Paul Clarke: Sure. So this is a little different from our kind of mainstream because, as you say, this is about creating a humanoid maintenance robot that will provide a second pair of hands to a human engineer, whether it be to help them do things that they can’t do, like places they can’t reach or taking temperature measurements or things that would require extra tooling that we could build into the robot.
But it’s also about how to keep them safe, and once again, rather than teaching the robot a set of kind of, learnt operations that they can repeat. What’s very ambitious about this project is the level of inference that we want the robot to get involved in. So the robot is going to actually learn by observing the humans, and it’s going to learn about what is normal and what might be planned exceptions.
What if there’s a sign of something has gone wrong? Or where might the human have missed out a step? Whether it be taking screws out of a side guard on a piece of conveyer, and the human has missed a step out, which actually means that something might fall on them or whetever. And the robot actually needs to step in and warn them all.

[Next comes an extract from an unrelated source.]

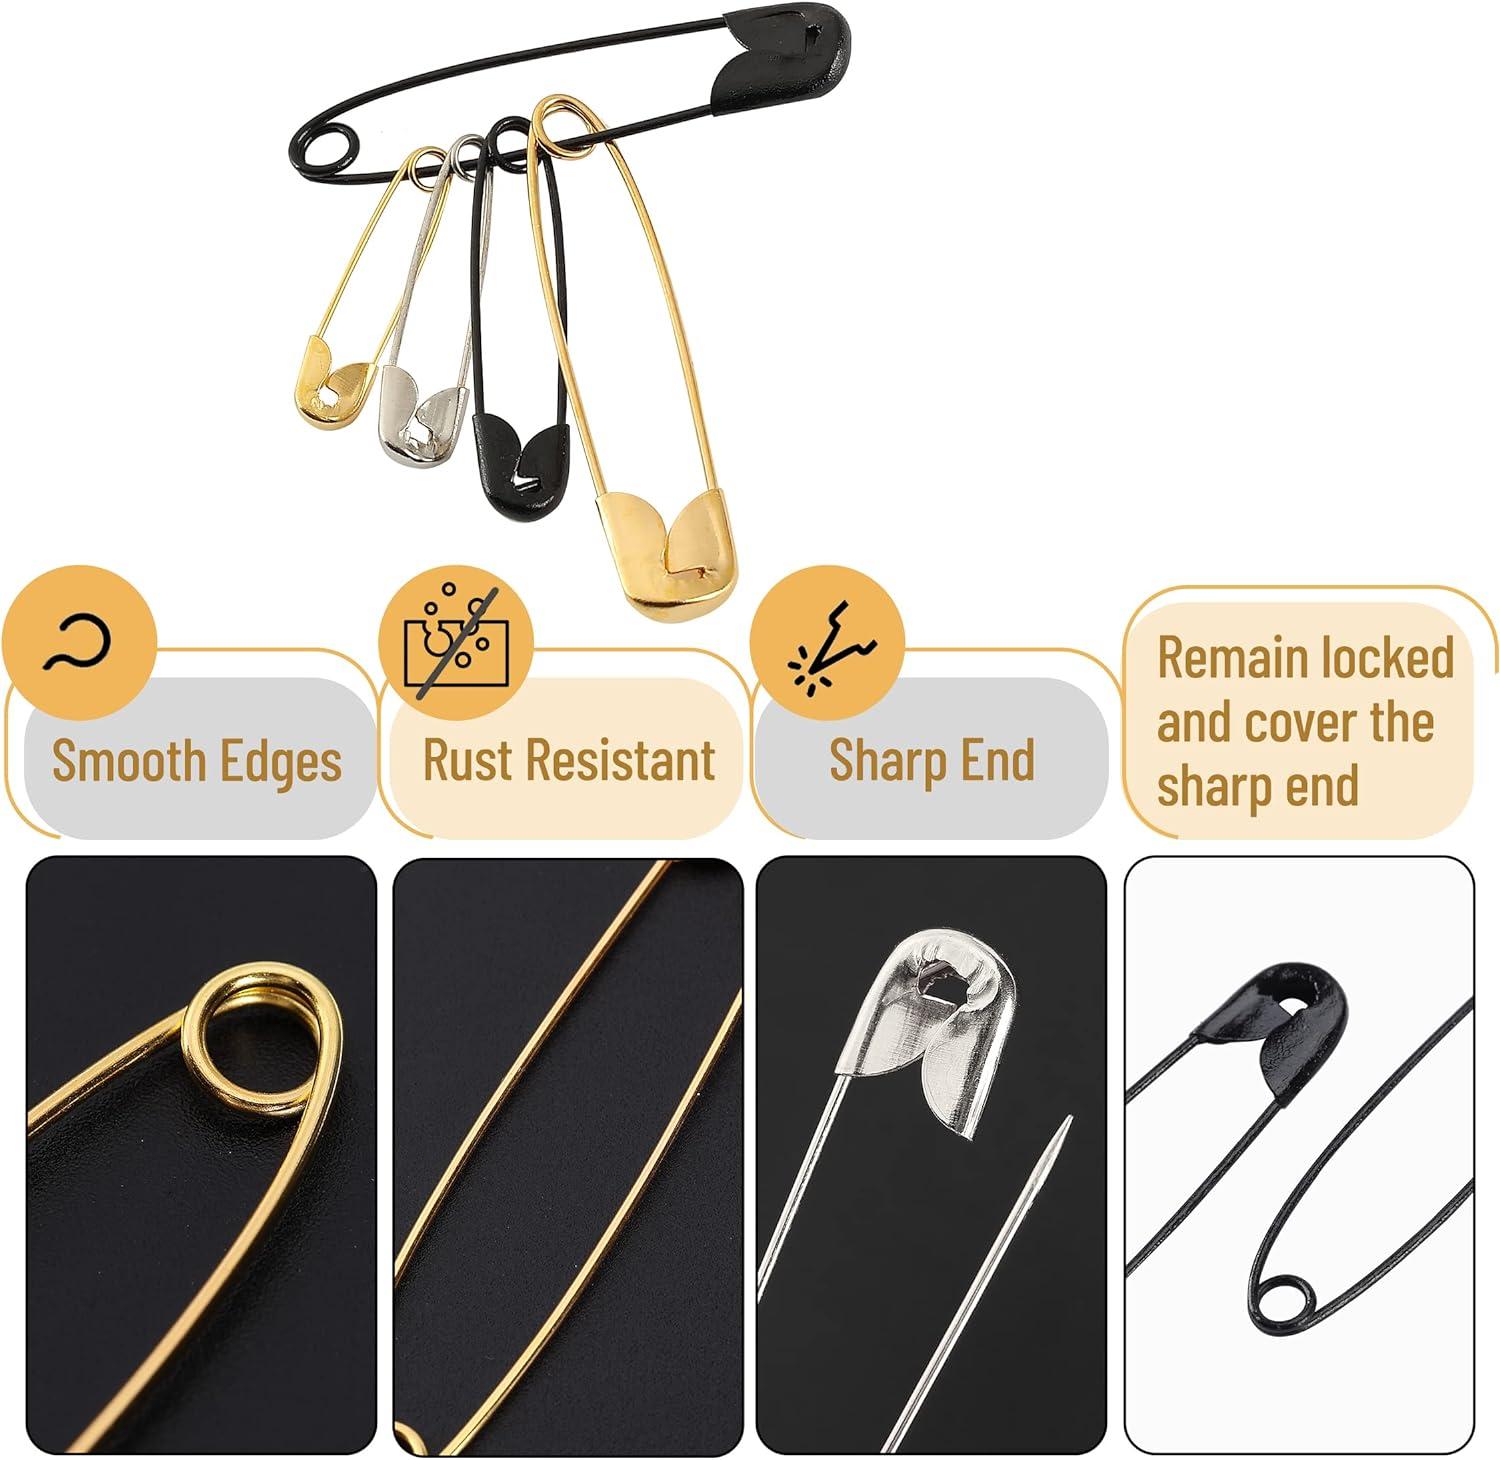 Mr. Pen- Safety Pins, Safety Pins Assorted, 400 Pack, Black, Assorted Safety  Pins, Safety Pin, Small Safety Pins

So there are lots of parts to this. There’s vision, there’s dexterity, and then this whole inference piece, and this is why it’s a collaborative project with a number of different research institutions across Europe. It’s over five years, and it’s really going to push the bounds on many of those different fronts. We’re very excited about it, not just about creating a maintenance robot, which will be great, but it’s all the other things that it will teach us along the way that we may be able to use for other purposes.
And ultimately, as I talk about in the Wired article, although we are aiming at maintenance, ultimately, if we’re going to pepper the planet with these automated warehouses, we also need to think about how we automate the process of building them in the first place.
Tom Green: From maintenance robot, to robot builder. I like that. Thank you Paul. We’ve been visiting with Paul Clarke, director of technology at Ocado. Thank you very much; have a great day.